Cette fois, Kécile pouffa. Et dire qu'Harry pensait que Severus n'avait pas d'humour...

XXX

Le lendemain matin, ils partirent dès leur réveil pour le point de rendez-vous, préférant ne pas rester dans des lieux publics à risquer de se faire démasquer.

Les autres n'étaient pas encore là. Severus ne parut pas surpris en découvrant la bicoque vide et ne fit aucun commentaire, mais Kécile ne pouvait se retenir d'imaginer les pires scénarios. D'autant plus maintenant qu'elle savait que la population entière pouvait participer à la capture de Harry.

- Ennemi public numéro 1... Comment mon père peut-il espérer que quiconque gobe une telle énormité... finit-elle par dire à voix haute, tirant Severus de sa lecture.

- Tu serais surpris de constater à quel point l'opinion publique peut-être versatile. Je suis certain au contraire que ton père n'a eu aucun mal à faire descendre le nom de Potter de son piédestal d'Elu.

- Je refuse de le croire, déclara Kécile d'un ton sec. Je refuse de croire que plus personne n'a espoir. Sinon pourquoi nous battons nous ? Non, je suis convaincue qu'il y a encore des gens qui veulent se battre et qui sont près à se rassembler derrière Harry. Même si l'idée te déplaît.

- Je continue de penser qu'il est pathétique de placer tous ses espoirs sur ce garçon. Potter n'est pas capable seul de mettre fin à cette guerre. Cela étant dit, il incarne la résistance et il va falloir composer avec cette donnée. Ce que je veux dire, c'est que les personnes qui croient réellement en sa victoire et qui sont prêtes à mourir pour soutenir cette cause sont bien peu nombreuses. En quelques jours, le Seigneur des Ténèbres est parvenu à briser l'ordre du Phénix et à écraser les velléités d'opposition. Il ne faut pas s'attendre à ce que nous trouvions beaucoup d'alliés durant notre quête, conclut Severus.

Ce ne fut qu'en milieu d'après-midi que le craquement caractéristique d'un transplanage les sortit de leur attente.

Kécile ne put retenir un soupir de soulagement un peu tremblant qui lui valut un coup d'oeil circonspect de Severus alors qu'il ouvrait la porte pour livrer passage aux trois adolescents.

- Vous êtes tous en un seul morceau ? Leur demanda-t-il en guise d'accueil. Pas de mangemorts à vos trousses ? Pas de brillant coup d'éclat ? Pas de remarquable acte héroïque ? Pas de combat avec le Seigneur des Ténèbres entre deux ? Non ? Bien, vous êtes en progrès, Potter.

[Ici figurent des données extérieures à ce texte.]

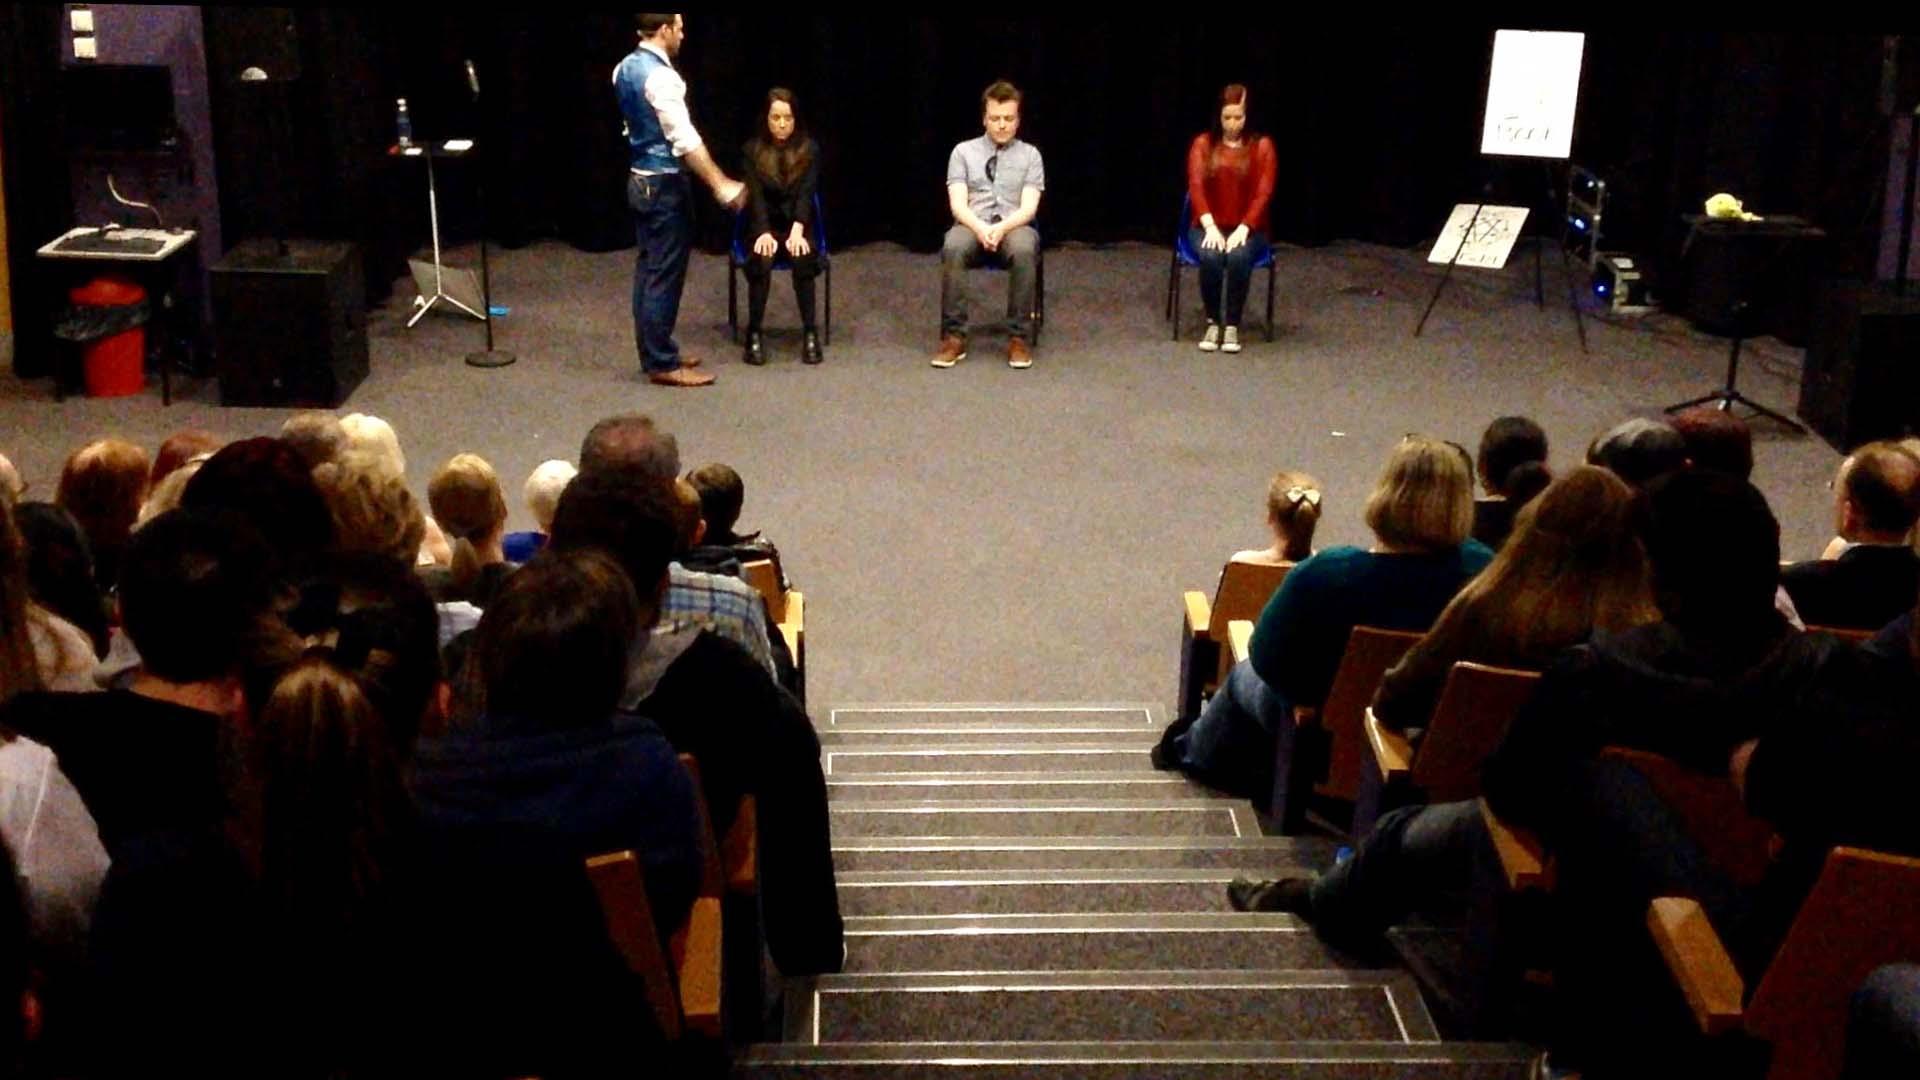 edinburgh fringe audience view of mind games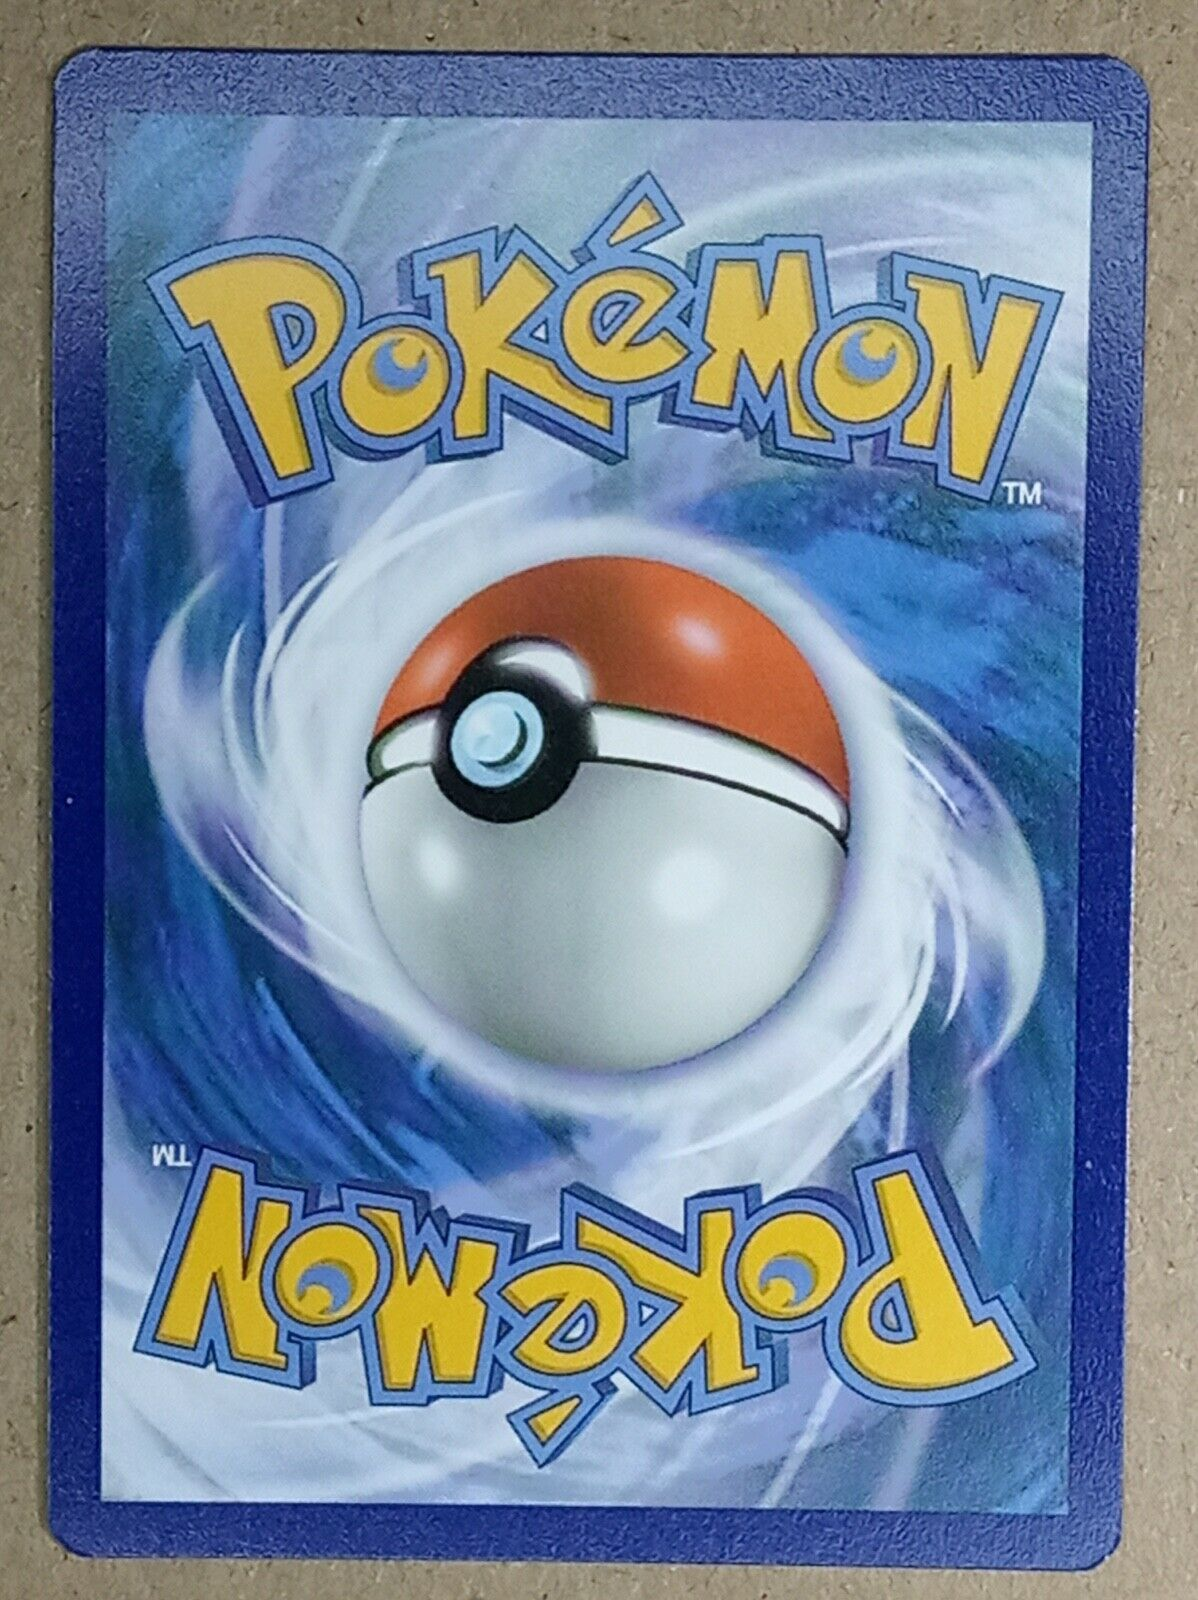 POKEMON CARD - Kommo-o 54/70 - Holo Rare - Dragon Majesty - NM - Image 2

- C'est bon, vous avez fini votre numéro ? Maugréa Harry. On doit parler.

- Vous avez découvert des informations intéressantes ? Interrogea Kécile tout en serrant ses amis dans ses bras.

- En tout cas, qui expliquent beaucoup de choses.

- Nous aussi. Le Tabou ?

- On est au courant, grogna Ron. Heureusement d'ailleurs, parce que sinon, ça aurait pu continuer longtemps notre partie de chat et souris...

- Plusieurs membres de l'ordre ont bien failli se faire attraper, dit une Hermione visiblement angoissée.

- Comment le savez-vous ?

- On a rencontré Emmeline Vance au Chaudron Baveur. On a pu parler avec elle.

- D'après elle, Bill a échappé de justesse aux mangemorts, juste après son mariage. Il est parti avec Fleur en France. Kingsley a eu très chaud lui aussi, mais s'en est tiré.

- Shacklebolt est un brillant sorcier, il n'y a pas lieu de s'inquiéter pour lui, remarqua Severus.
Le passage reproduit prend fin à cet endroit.